Approximately 4 (four) weeks from now Fedora will stop maintaining
and issuing updates for Fedora 17. It is Fedora's policy to close all
bug reports from releases that are no longer maintained. At that time
this bug will be closed as WONTFIX if it remains open with a Fedora 
'version' of '17'.

Package Maintainer: If you wish for this bug to remain open because you
plan to fix it in a currently maintained version, simply change the 'version' 
to a later Fedora version prior to Fedora 17's end of life.

Bug Reporter:  Thank you for reporting this issue and we are sorry that 
we may not be able to fix it before Fedora 17 is end of life. If you 
would still like  to see this bug fixed and are able to reproduce it 
against a later version  of Fedora, you are encouraged  change the 
'version' to a later Fedora version prior to Fedora 17's end of life.

Although we aim to fix as many bugs as possible during every release's 
lifetime, sometimes those efforts are overtaken by events. Often a 
more recent Fedora release includes newer upstream software that fixes 
bugs or makes them obsolete.

Comment 12 Fedora End Of Life 2013-07-31 23:59:37 UTC
Fedora 17 changed to end-of-life (EOL) status on 2013-07-30. Fedora 17 is 
no longer maintained, which means that it will not receive any further 
security or bug fix updates. As a result we are closing this bug.

If you can reproduce this bug against a currently maintained version of 
Fedora please feel free to reopen this bug against that version.

Thank you for reporting this bug and we are sorry it could not be fixed.

Comment 13 william.garber 2013-12-11 21:54:14 UTC
This bug still exists in fedora 19.
There is also a bug

nouveau lockup

https://bugzilla.redhat.com/show_bug.cgi?id=918732

that may be related.
This related bug appears to have something to do
with ACPI.
one recommended fix is to set acpi=force in kernel boot args.

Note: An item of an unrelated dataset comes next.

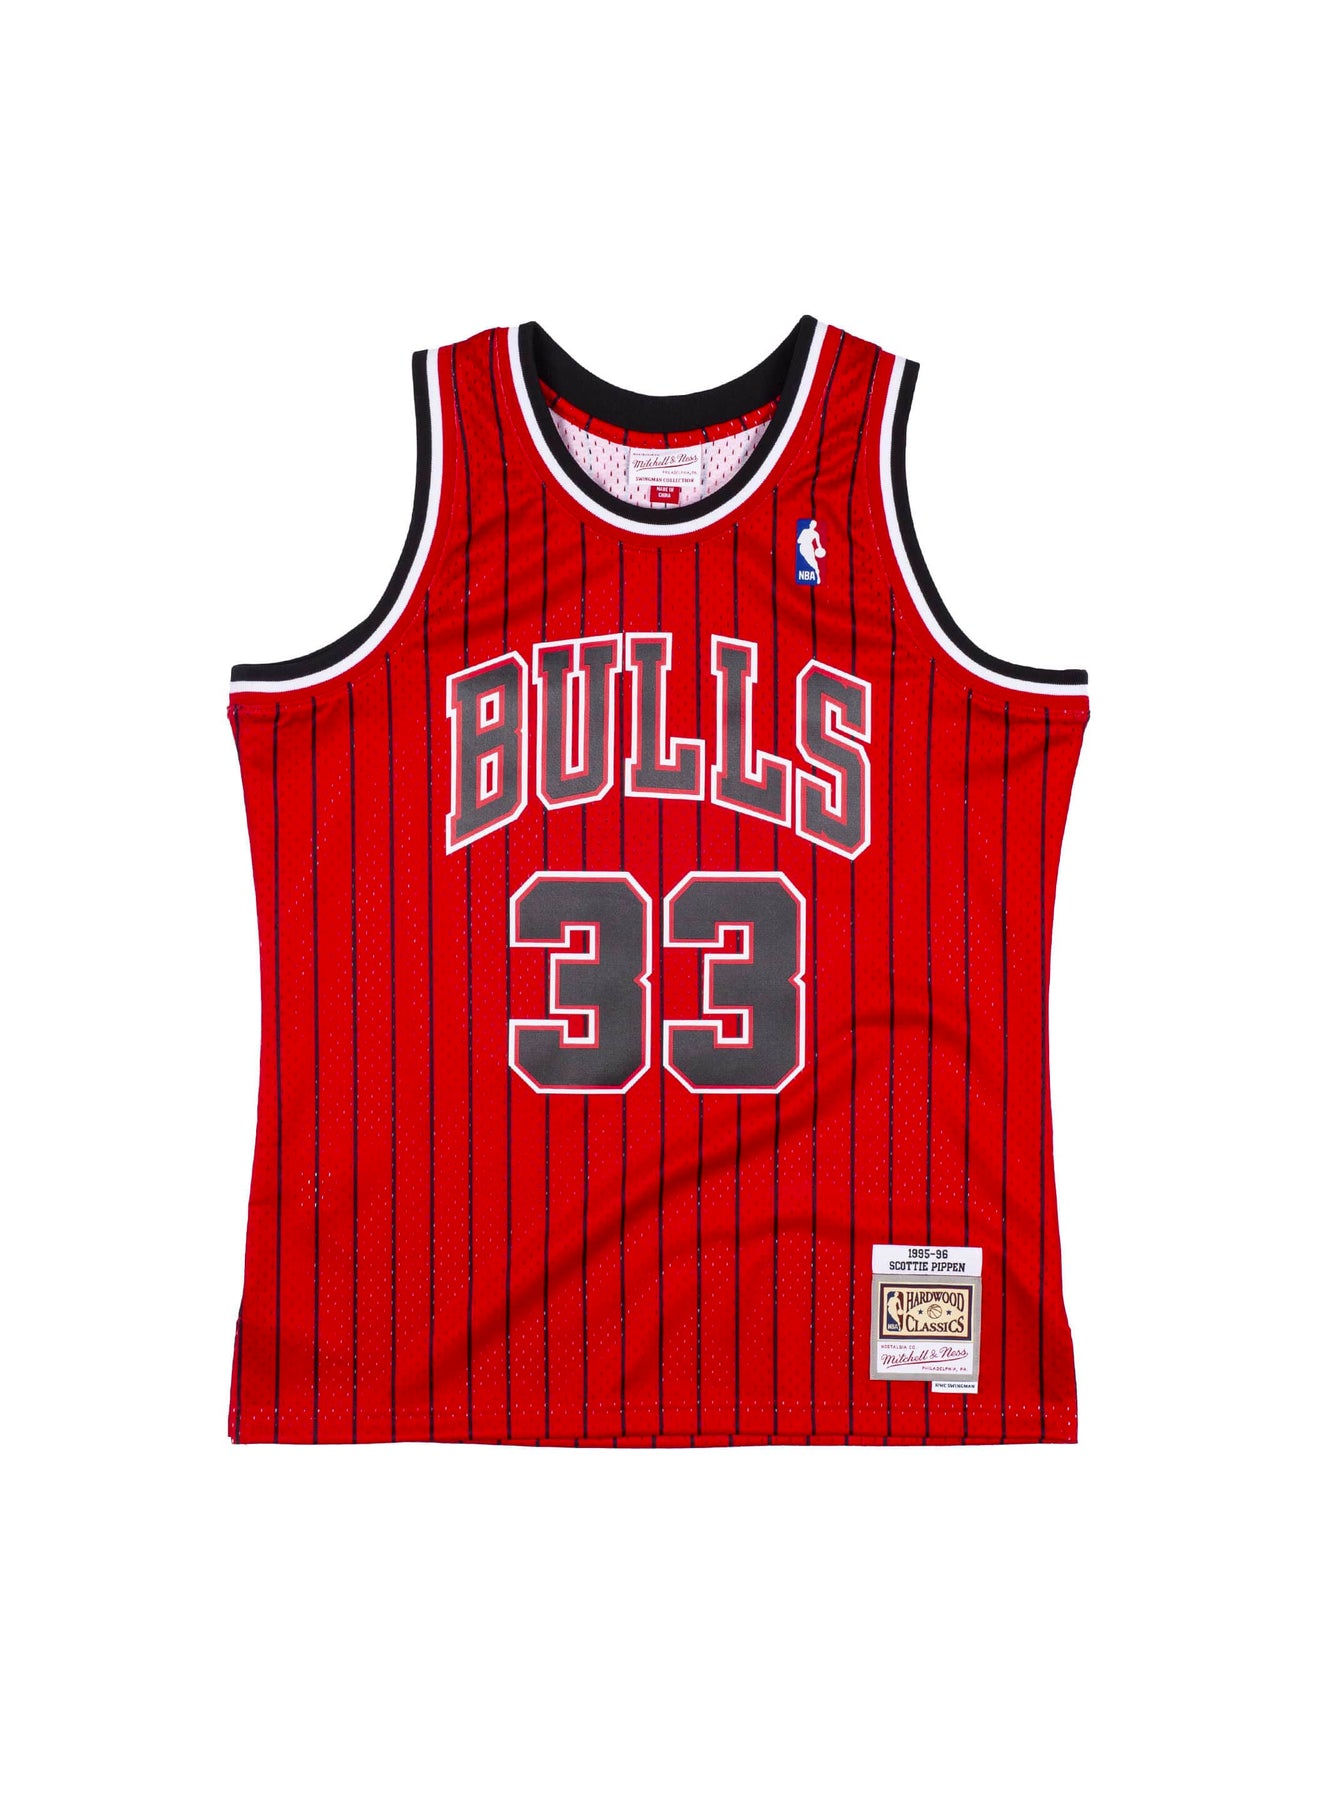 NBA Swingman Jersey Chicago Bulls Alternate 1997-98 Scottie Pippen
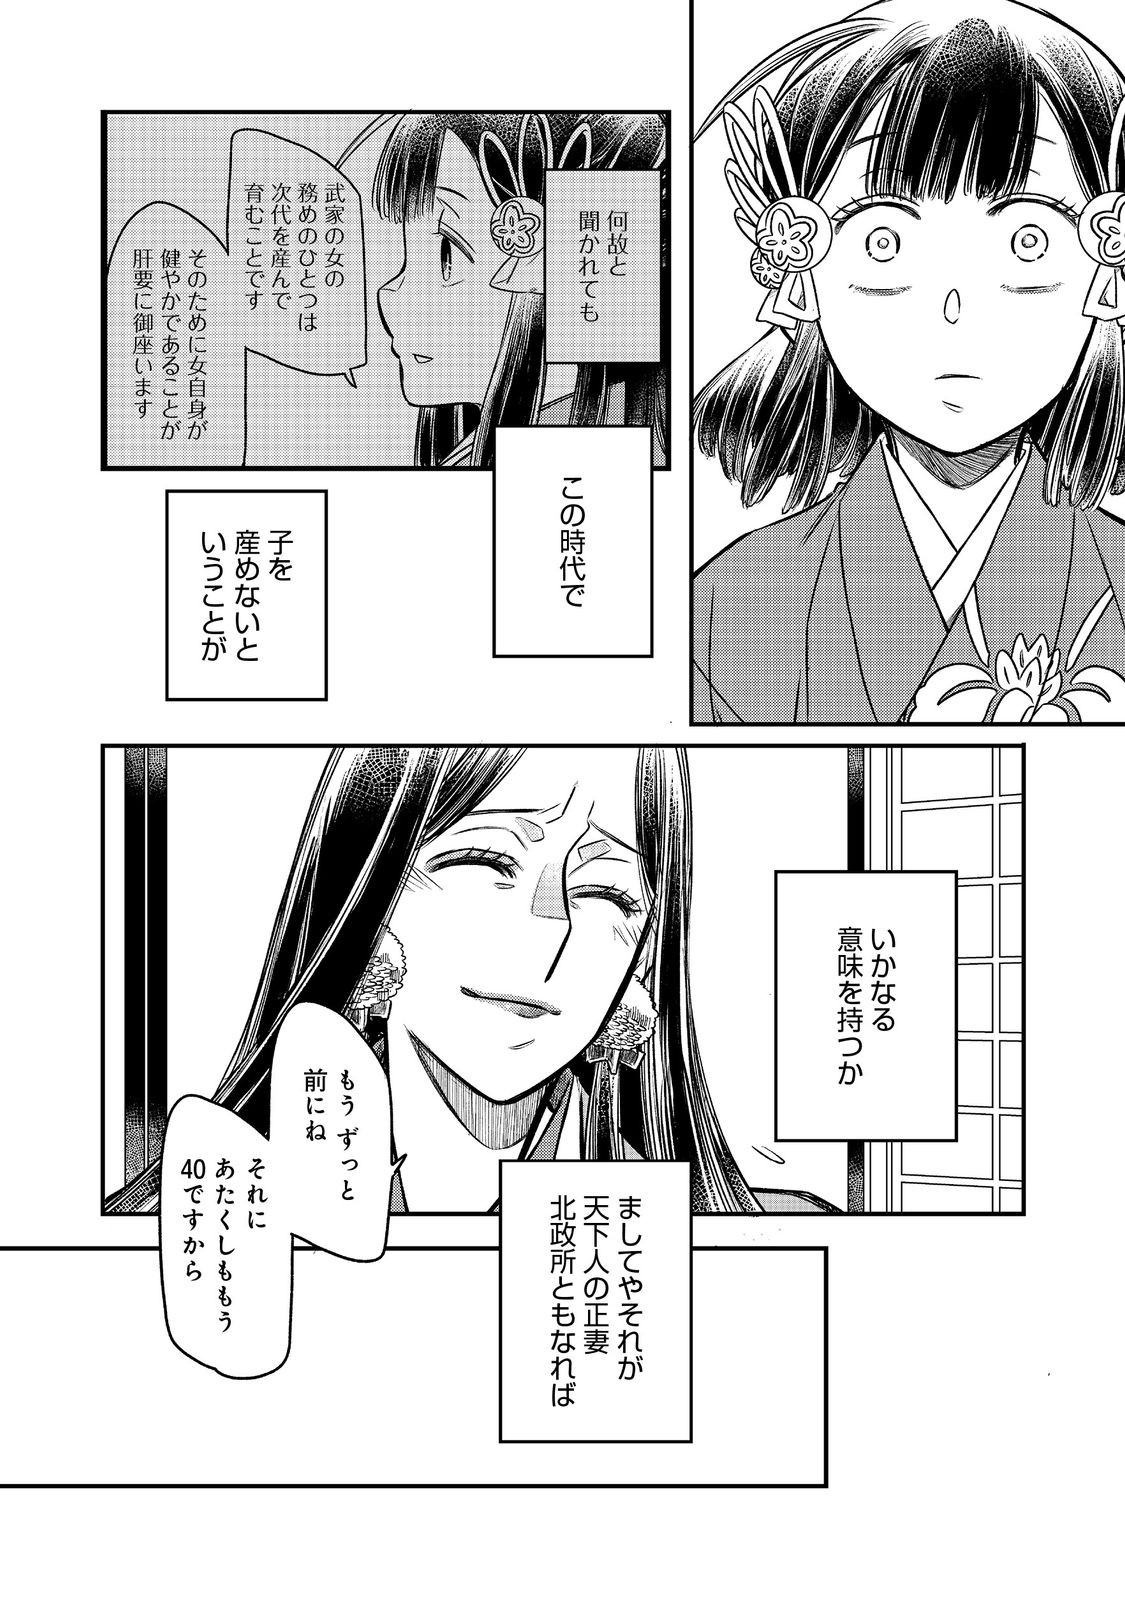 Kitanomandokoro-sama no Okeshougakari - Chapter 11.1 - Page 12

Comment 14 william.garber 2013-12-11 22:37:25 UTC
Created attachment 835511 [details]
debugging logs

Comment 15 william.garber 2013-12-11 22:40:19 UTC
Created attachment 835512 [details]
debugging logs

debug rd.debug rd.break=shutdown kernel options
reboot -f -d -n --no-wall
files generated by
/run/initr4amfs/sosreport.txt
journalctl > journalctl.log 2>&1

Comment 16 william.garber 2013-12-11 22:53:22 UTC
could have something to do with root partition using LVM.
could have something to do with fsck on next boot.

Comment 17 william.garber 2013-12-12 00:58:07 UTC
I hope a workaround was to edit /etc/default/grub

GRUB_CMDLINE_LINUX="rd.lvm.lv=fedora/swap rd.md=0 rd.dm=0 vconsole.keymap=us $([ -x /usr/sbin/rhcra\
shkernel-param ] && /usr/sbin/rhcrashkernel-param || :) rd.luks=0 vconsole.font=latarcyrheb-sun16 r\
d.lvm.lv=fedora/root quiet acpi=force apm=power_off reboot=pci"

to add 
acpi=force apm=power_off reboot=pci

Not sure what these do.

Comment 18 william.garber 2013-12-12 02:21:42 UTC
try the options below in order:

http://www.novell.com/support/kb/doc.php?id=7009779
===========================

Situation
During a shutdown or reboot the system will shutdown appropriately but at the point where it shou\
ld power off or begin the reboot it will hang.  The power must be manually turned off or cycled t\
o boot the system back up.
Resolution
The kernel has a "reboot" parameter that will generally fix the problem.  Each of the options can\
 be tested on bootup of the system by adding the parameter to the "Boot Options" in the GRUB menu\
.  Here is a list of all the options:

warm =  Don’t set the cold reboot flag
cold = Set the cold reboot flag
bios = Reboot by jumping through the BIOS (only for X86_32)
smp = Reboot by executing reset on BSP or other CPU (only for X86_32)
triple = Force a triple fault (init)
kbd = Use the keyboard controller. cold reset (this is the default)
acpi = Use the RESET_REG in the FADT
efi = Use efi reset_system runtime service
pci = Use the so-called “PCI reset register”, CF9
force = Avoid anything that could hang.

Most of the time the problem can be fixed by using one of the following two parameters:

reboot=bios
reboot=acpi

Try these first then move on to the others if needed.